Wednesday, 22 February 2017

Can you recount a strange experience too often?

Airbourne dustWhen I recount a strange experiences in this blog it is always a fresh memory so I'm pretty confident that it is about as accurate as my memory will allow. Indeed, the first thing I tend to do after having an anomalous experience is write it down. It turns out that this is probably the best way to get an accurate record of an experience. Sadly, many witnesses do not do this. Instead, they may tell many other people about their odd experience before contacting a paranormal investigator. And that is not good for accurate recall of an event.

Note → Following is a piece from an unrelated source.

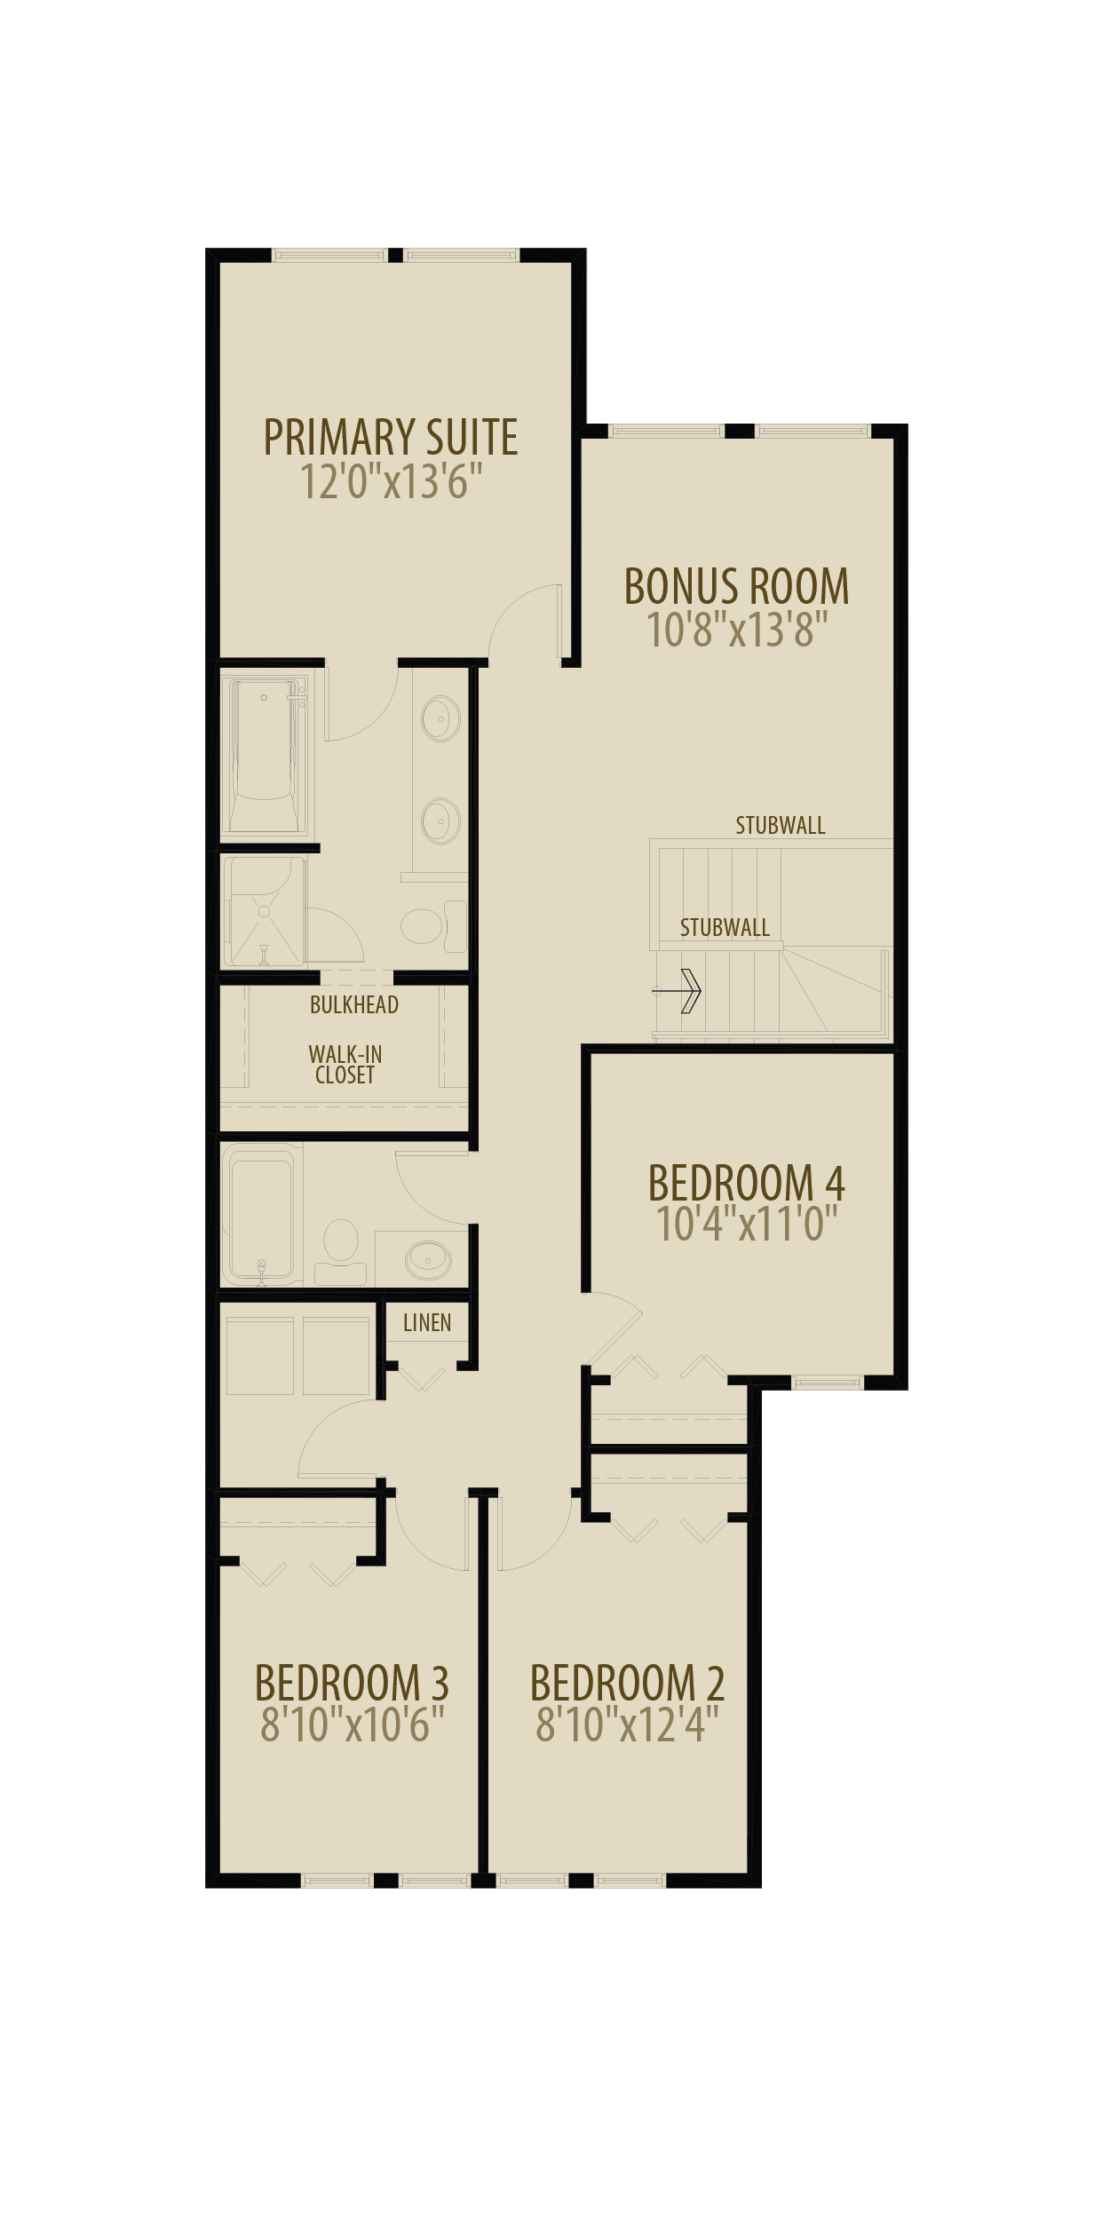 4th Bedroom Bonus Room adds 86 sq ft

Scientific research has shown that human memory works in an unexpected way. Every time you recall a memory it is stored all over again - a process called reconsolidation. The problem with this is that during reconsolidation a memory can be modified or even erased. So every time a witness recalls a strange experience they may reconsolidate it slightly differently. This means that if they recount their experience many times, it could be altered quite significantly from the original memory. However, the witness will not be aware of this. To them, their current memory is the same one they formed when they first experienced the strange event. It probably explains why, when you visit somewhere you haven't been for a while, it often looks different. It's not just because the place has actually changed, which might be true. The chances are, so has your memory of the location. I had this experience recently when I barely recognized a town I used to live in!

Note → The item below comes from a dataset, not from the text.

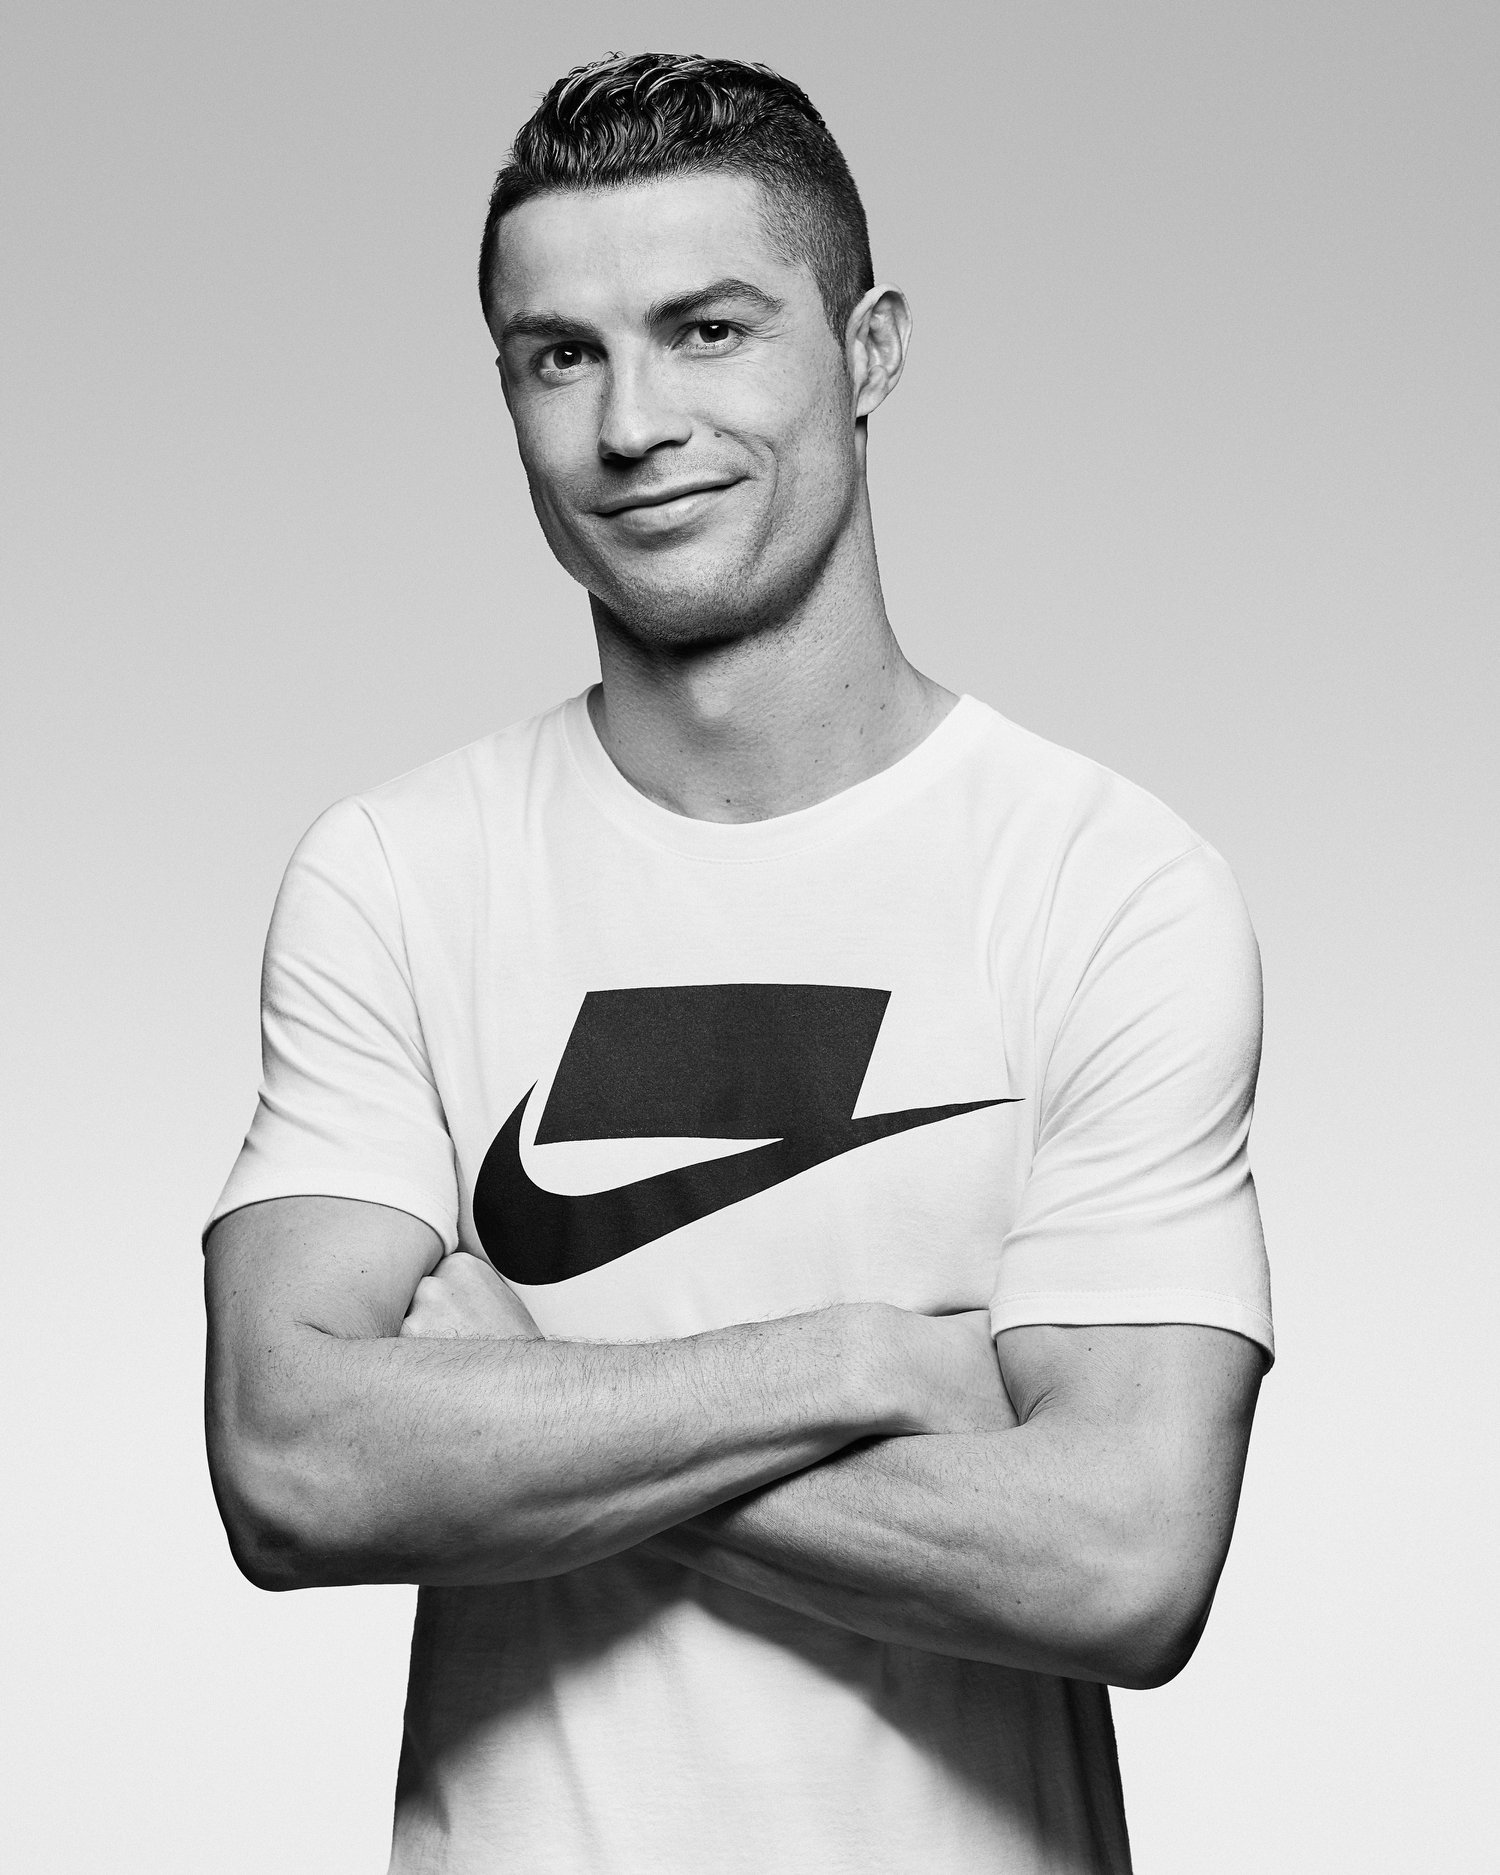 Ronaldo Instagram

So, if paranormal researchers are interviewing witnesses they need to get some idea of how many times the account they are recording has been retold. A witness might, for instance, have seen a UFO a month ago but never mentioned it to anyone until talking to a ufologist. But they may have seen the UFO just a day ago but have talked about it with dozens of people. The former account might actually be more accurate than the latter one, despite the bigger lapse of time since the event.

The problem is that when people have strange experiences it is natural that they want to talk about them. The 'best' witness would record everything they could in writing and then contact a paranormal researcher straight away. Sadly that seldom, if ever, happens! And, with the advent of online social media, the problem of memories changing is probably getting worse! I wonder if the best advice for witnesses might be not to think about their experiences too much!

In other news, my acquaintance (MA) who gets microsleep with REM (MWR) has been hearing extracts from original musical compositions again. If only MA was a musician this could be a really useful ability (see here for an earlier account). And the photo (above right)? It is bits of airborne dust illuminated by a strong light. They are in focus and appear as light trails because they are moving - the exposure time was quite slow at 1/5s. So when I come across a similar odd photo in future, I'll know what to suspect!

1 comment:

  1. There are lots of studies about witness memory and contamination. The ability to recall something witnessed also depends on perception and attention. We also process events differently, so two people experiencing the same event will perceive what has happened slightly differently. It takes us time to process what has happened. Courts no longer rely on witness perception alone and are alive to the effects of overwriting on the memory and contamination. They seek corroboration because of the fallibility of human memory. In this digital age with phone cameras, dash cams and CCTV, we should always look for evidence to support what we have seen.